Bila terjadi tetani diobati dengan kalsium glukonas 50 mg/kgbb intravena.
Tindak lanjut
Dilakukan pemeriksaan berat badan. intake-output, lingkaran perut, tekanan
darah setiap hari. Pemeriksaan darah tepi 1 kali seminggu. Urinalisa dan
pemeriksaan protein semikuantitatif 2 kali seminggu (jika sudah trace,
diulangi 3 kali berturut-turut). Pemeriksaan kimia darah dan elektrolit selama
19
perawatan sekali dua minggu. Awasi efek samping obat dan komplikasi yang
mungkin terjadi selama pasien dirawat. Bila ditemukan, harus ditanggulangi.
Indikasi pulang
Penderita dipulangkan bila keadaan umum baik, komplikasi teratasi, dalam
keadaan remisi.
Selama mendapat steroid kontrol sekali seminggu secara berobat jalan.

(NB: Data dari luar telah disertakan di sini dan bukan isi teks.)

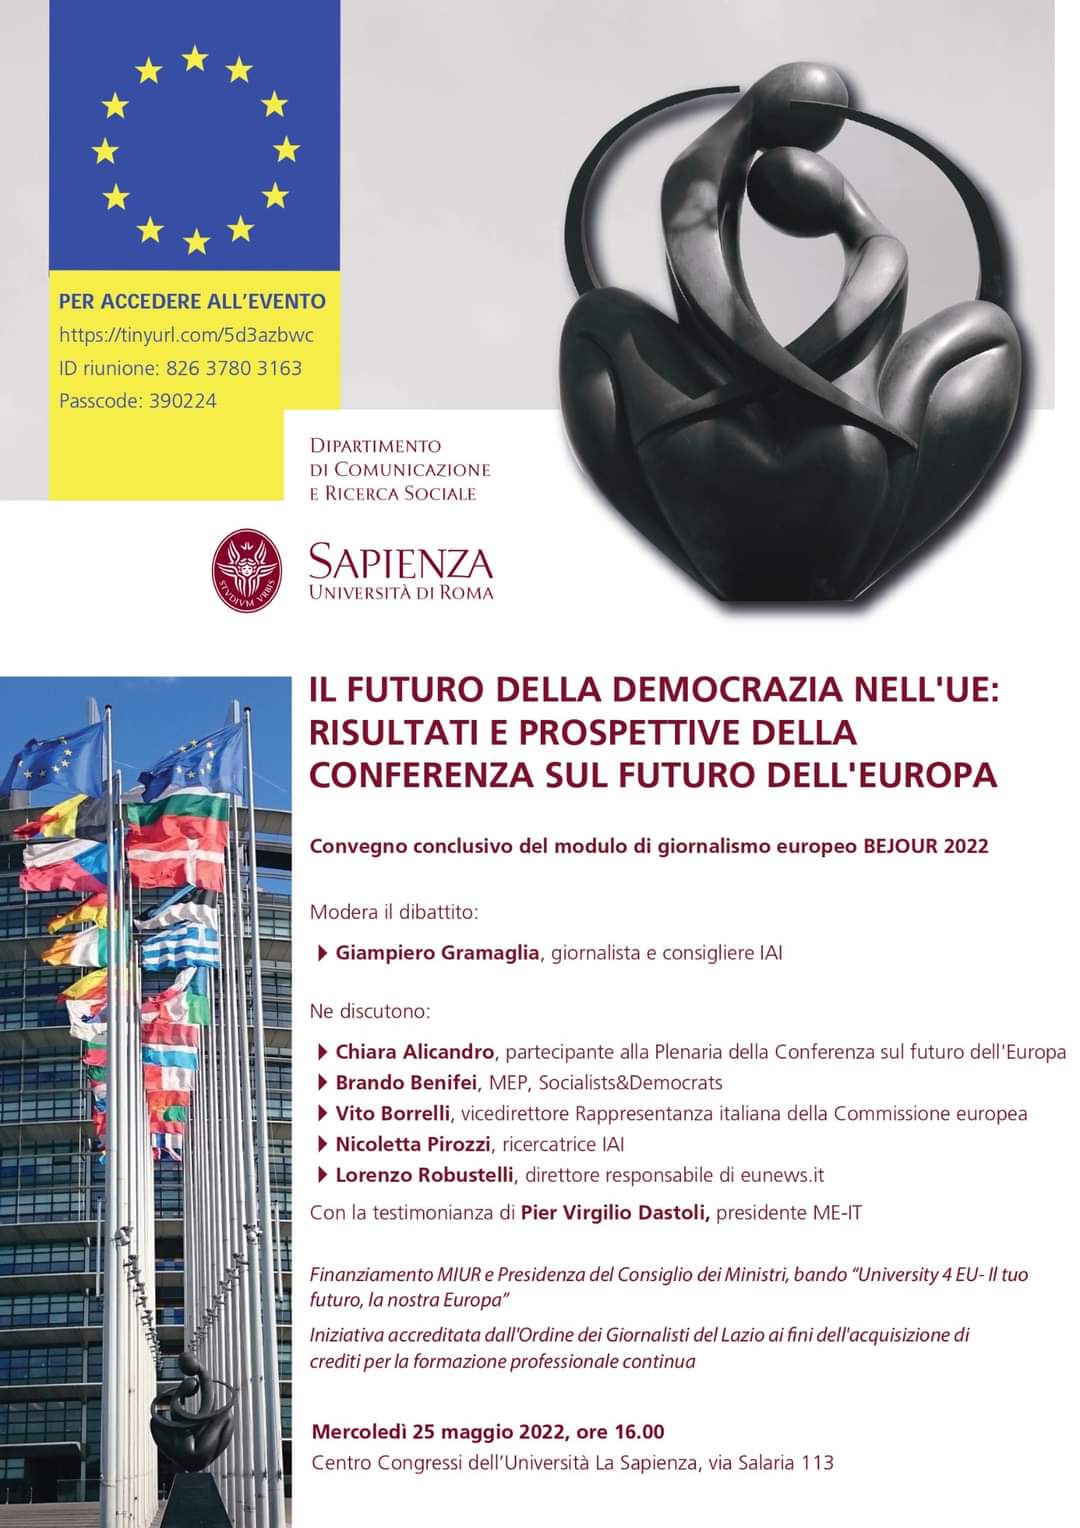 “Il futuro della democrazia nell’Ue”: convegno alla Sapienza il 25 maggio

Setelah steroid dihentikan kontrol sekali sebulan selama 3-5 tahun bebas
gejala.
10. Komplikasi
Tromboemboli, infeksi, hiperlipidemia, hipokalsemia, hipovolemia, gagal
ginjal akut, anemia dan pertumbuhan abnormal.
11. Prognosis
- SNKM: 4 – 5% menjadi gagal ginjal terminal pada pengamatan 20 tahun.
- GSFS: 25% menjadi gagal ginjal terminal dalam 5 tahun.
- SN primer (SNKM) /kortikosteroid responsif umumnya baik.
- Pada kortikosteroid non responsif prognosis kurang baik, mortalitas pada
jenis GSFS 50% 16 tahun setelah diketahui, pada GNMP 50% 11 tahun
setelah diketahui. SN sekunder tergantung penyakit primer.